Now, Trump says he’s willing to “risk” the rights of Americans in order to keep those spying powers intact.
“I am willing to risk the giving up of my Rights and Privileges as a Citizen for our Great Military and Country!” he wrote. “We need to stick together when this Bill comes before the House Rules Committee today to keep it CLEAN!”
The context here is the April 20 deadline for reauthorizing Section 702. As Reason‘s Joe Lancaster detailed a few weeks ago, that deadline provides opportunities for members of Congress to demand changes to how FISA works.
Rep.
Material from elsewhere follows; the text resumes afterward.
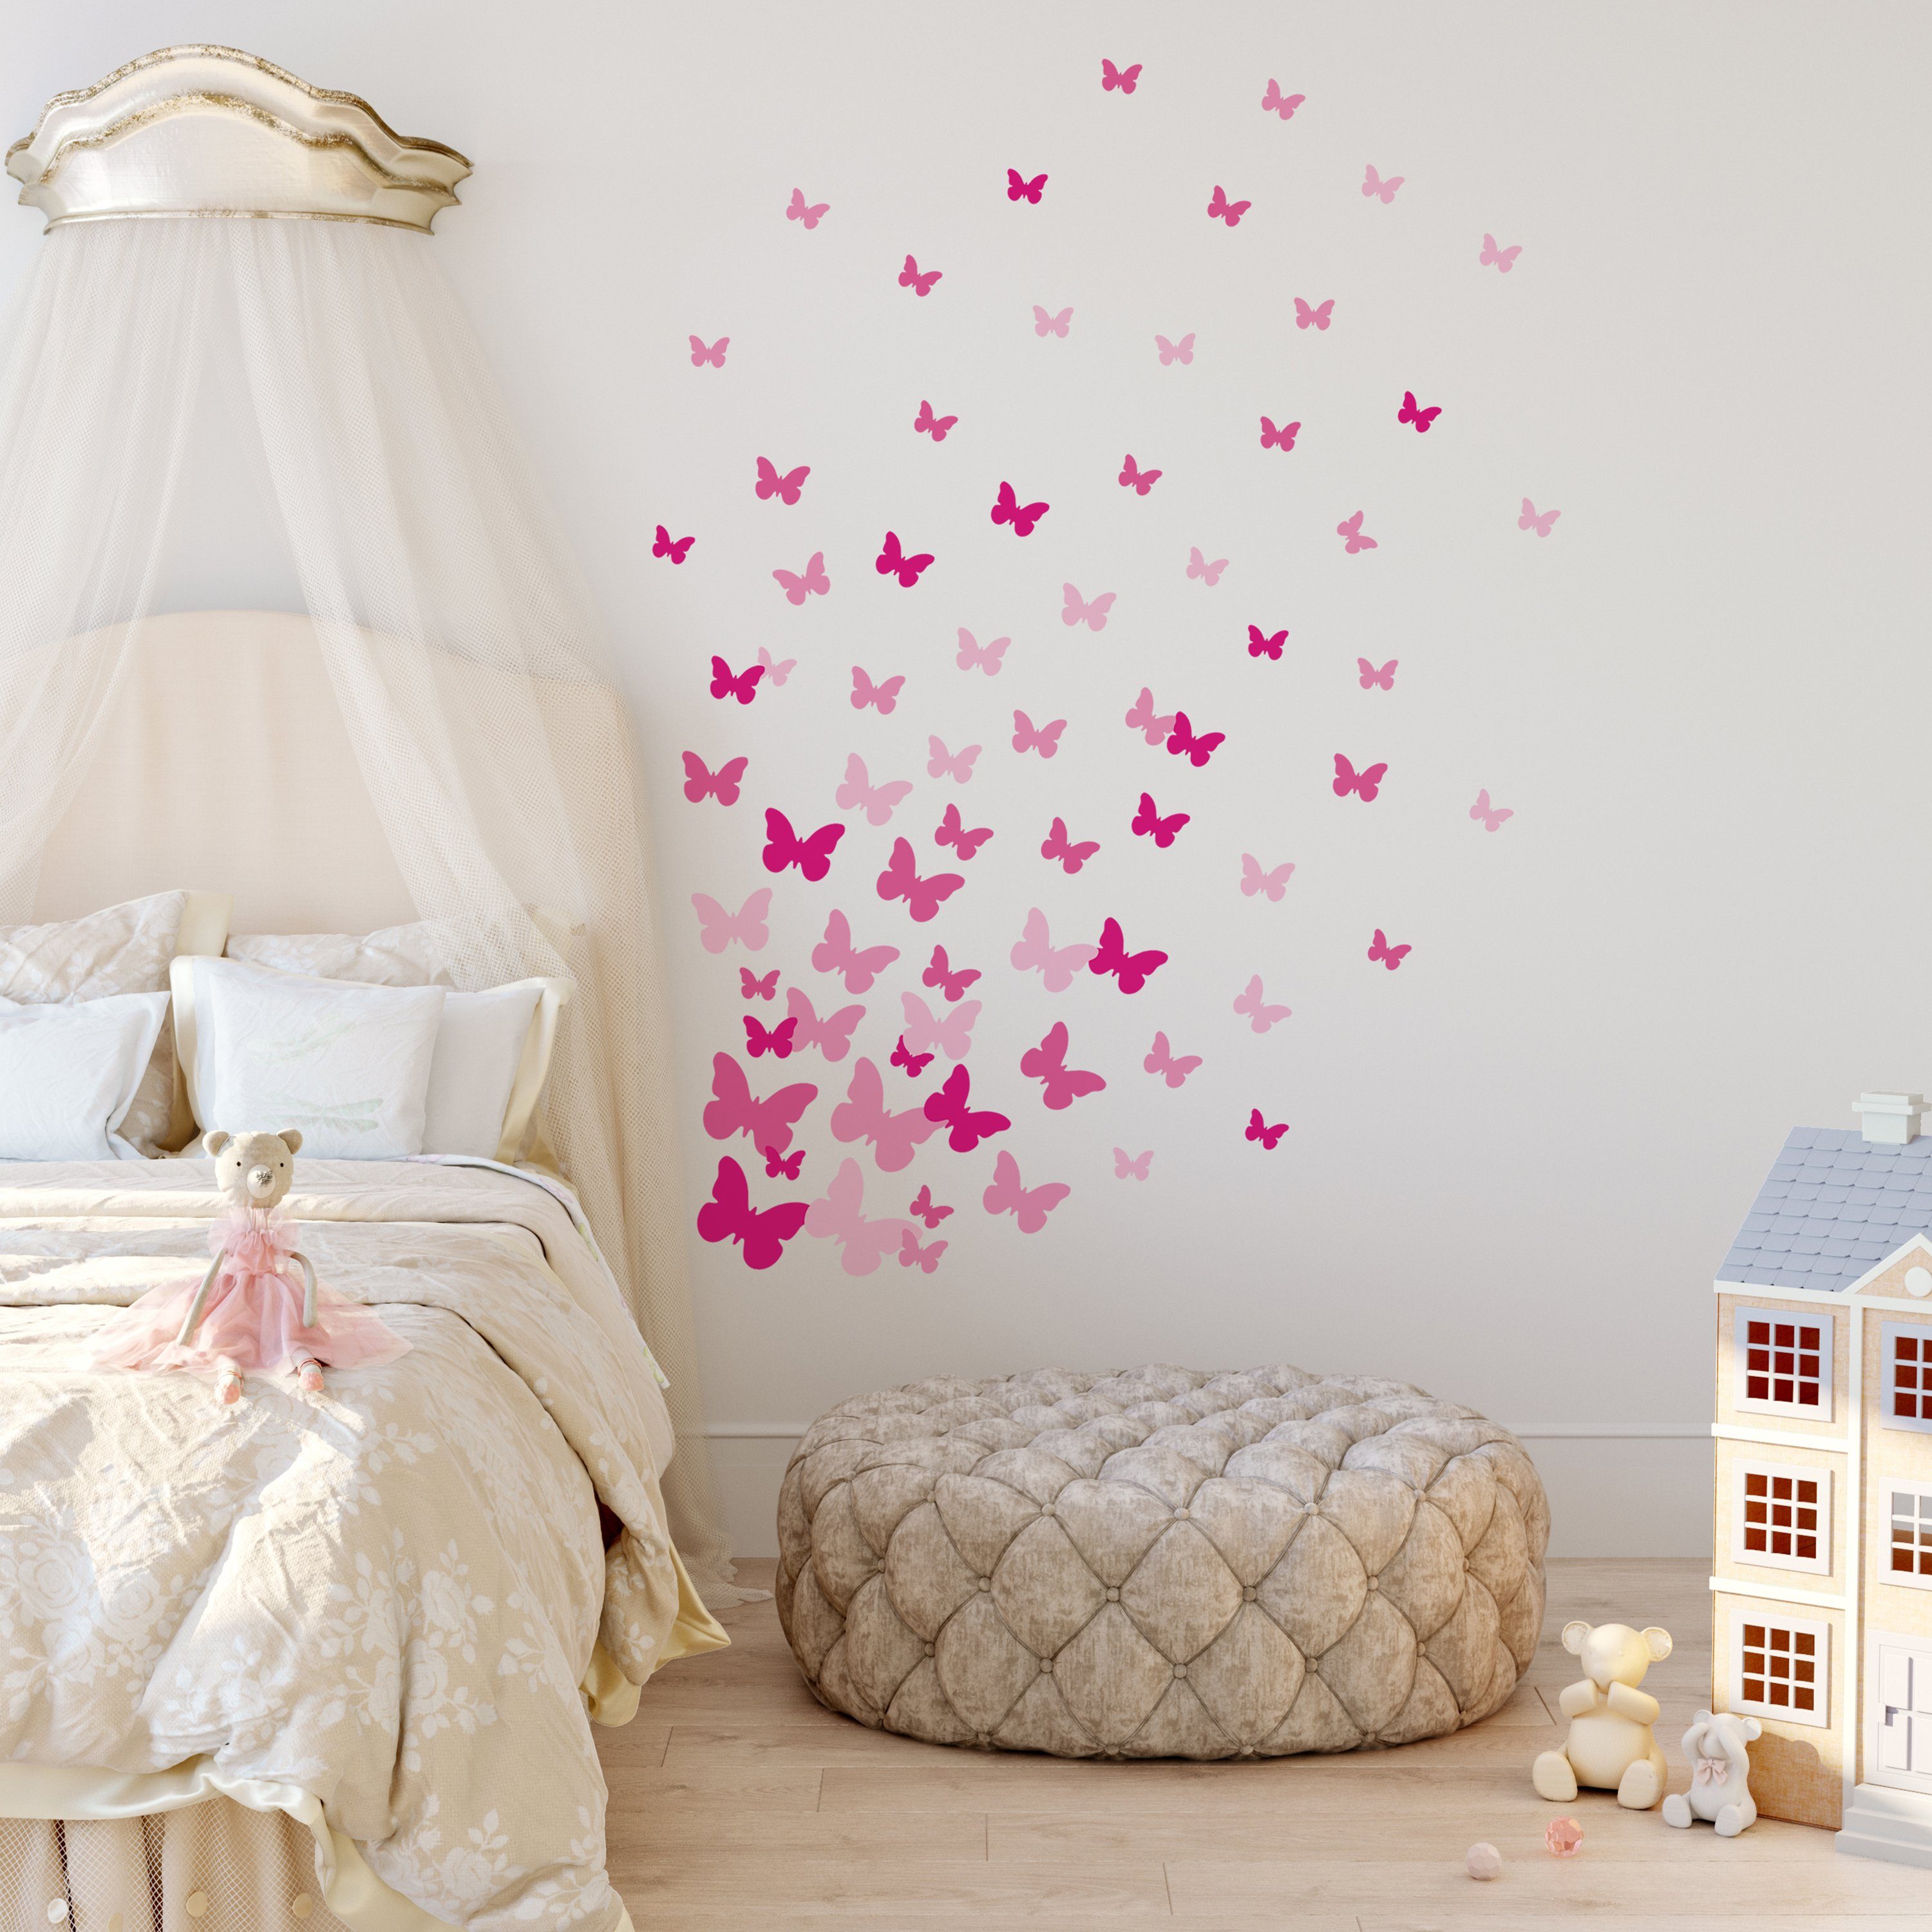 RoomMates Wandsticker Schmetterlinge Pink

Thomas Massie (R–Ky.), for example, tried to offer amendments that would, among other things, require law enforcement agencies to obtain a warrant before trolling through communication records that end up in the FISA database. On the other side of the aisle, the Congressional Progressive Caucus has vowed to vote against a “clean” reauthorization.
But Trump no longer wants to “KILL FISA.” In fact, he doesn’t even want to see any basic reforms that might better protect Americans from unlawful surveillance.
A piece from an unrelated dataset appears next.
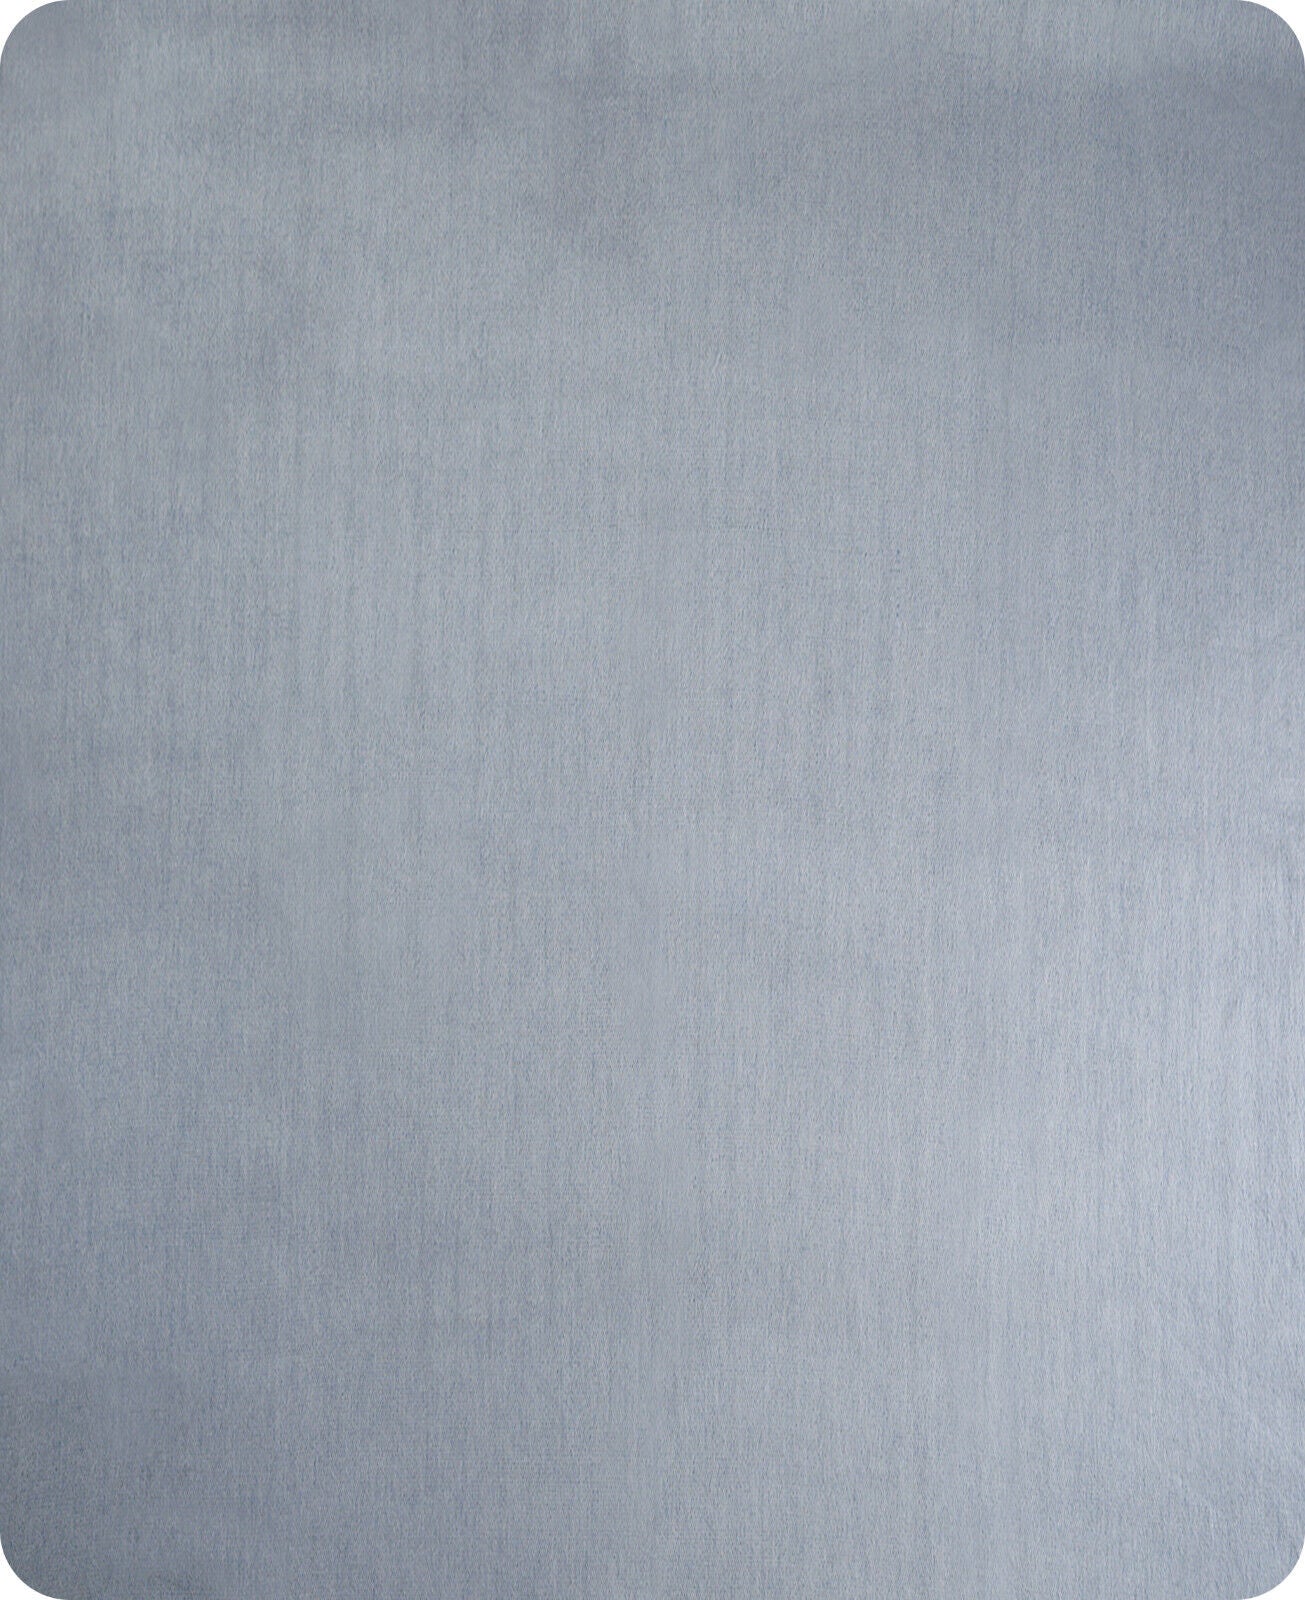 Pantoja - Baby Alpaca Wool Reversible Throw Blanket / Sofa Cover - Queen 98" x 67" - Fringed - Deep Blue/Gray

That happens a lot, as I’ve written before. In 2021, for example, the FBI used its FISA powers to run more than 3.3 million queries through the Section 702 database. A Foreign Intelligence Surveillance Court report unsealed in 2023 showed that the FBI improperly used its warrantless search powers more than 278,000 times during 2021—targeting “crime victims, January 6th riot suspects, people arrested at a protest in the wake of the police killing of George Floyd in 2020,” and donors to congressional candidates.
The 2024 reauthorization implemented some reforms that limit how broadly the FBI and other law enforcement agencies can use the records in the FISA database. Despite that, The New York Times reported this month that federal law enforcement agencies have been using a new “filtering” process to search records without properly logging those queries.
That’s proof that more guardrails are needed, civil liberties groups say.
“This warrantless surveillance system is broken, and extending it absent reforms would be an abdication of the fundamental responsibility to protect Americans’ privacy,” Jake Laperruque, deputy director of the security and surveillance project at the Center for Democracy and Technology, said in a statement to Reason. “The answer for fixing the problems and endless abuse of queries is simple: If you want to query an American’s private messages, get a warrant. It’s time Congress enacted a warrant rule and closed this backdoor search loophole.”
It sure would be nice if Trump, who was once a prominent target of these surveillance powers, were willing to advocate for changes. Alas, now that those powers are ones he gets to wield, there is no need for consistency or principles.